TSC submits that at a time of the filing of its claims for refund, prevailing jurisprudence espoused that the 120-day waiting period was merely permissive instead of mandatory.  Otherwise stated, TSC argues that as long as a taxpayer-claimant filed both its administrative and judicial claim within the two year prescriptive period under Section 112(A) of the NIRC then there would be no need to comply with the 120-day waiting period.  This assertion has no basis.

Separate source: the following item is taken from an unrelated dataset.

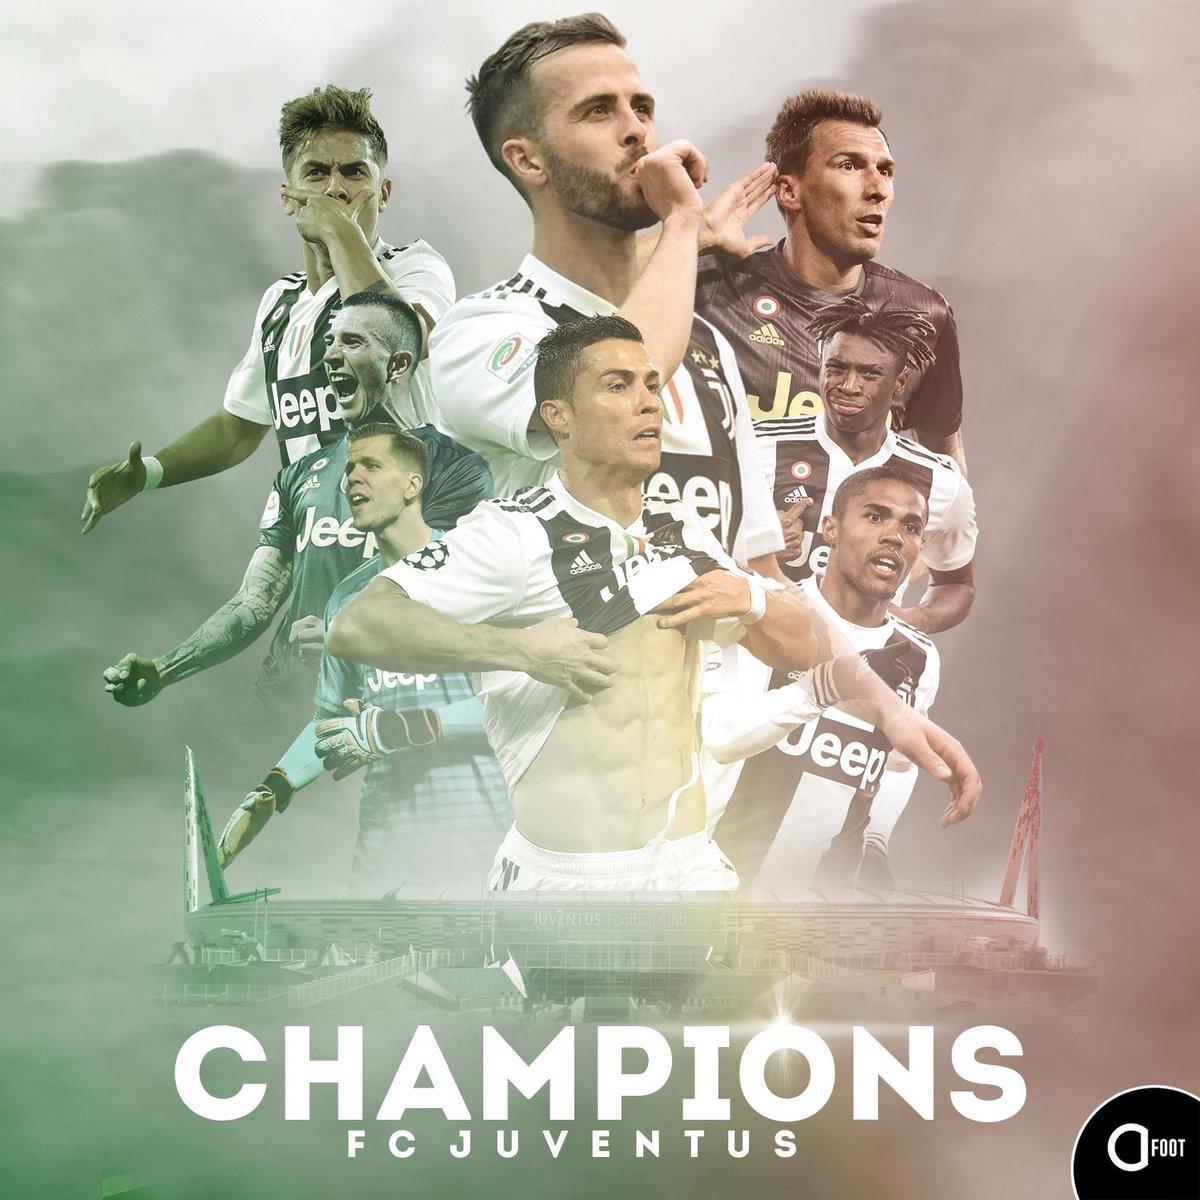 Actu Foot's photo on La Juventus

In support of its position, TSC cites the cases of Intel Technology Philippines, Inc. vs. Commissioner of Internal Revenue, San Roque Power Corporation vs. Commissioner of Internal Revenue, AT&T Communications Services Philippines, Inc. vs. Commissioner of Internal Revenue, and Southern Philippines Power Corporation vs. Commissioner of Internal Revenue.  TSC insists that in said cases, because the Court allowed the filing of the judicial claim even before the CIR could act on the administrative claim, then the Court implicitly ruled that the 120-day period is not mandatory.  However, a more thorough study of the cases reveals that they are inapplicable to this controversy as they involve different issues.

In Intel Technology Philippines, the Court resolved the issue of whether entities engaged in business are required to indicate in their receipts or invoices the authority from the BIR to print the same.  Nowhere in the case did the Court rule that the 120-day period may be dispensed with as long as the administrative and judicial claims are filed within the two-year prescriptive period.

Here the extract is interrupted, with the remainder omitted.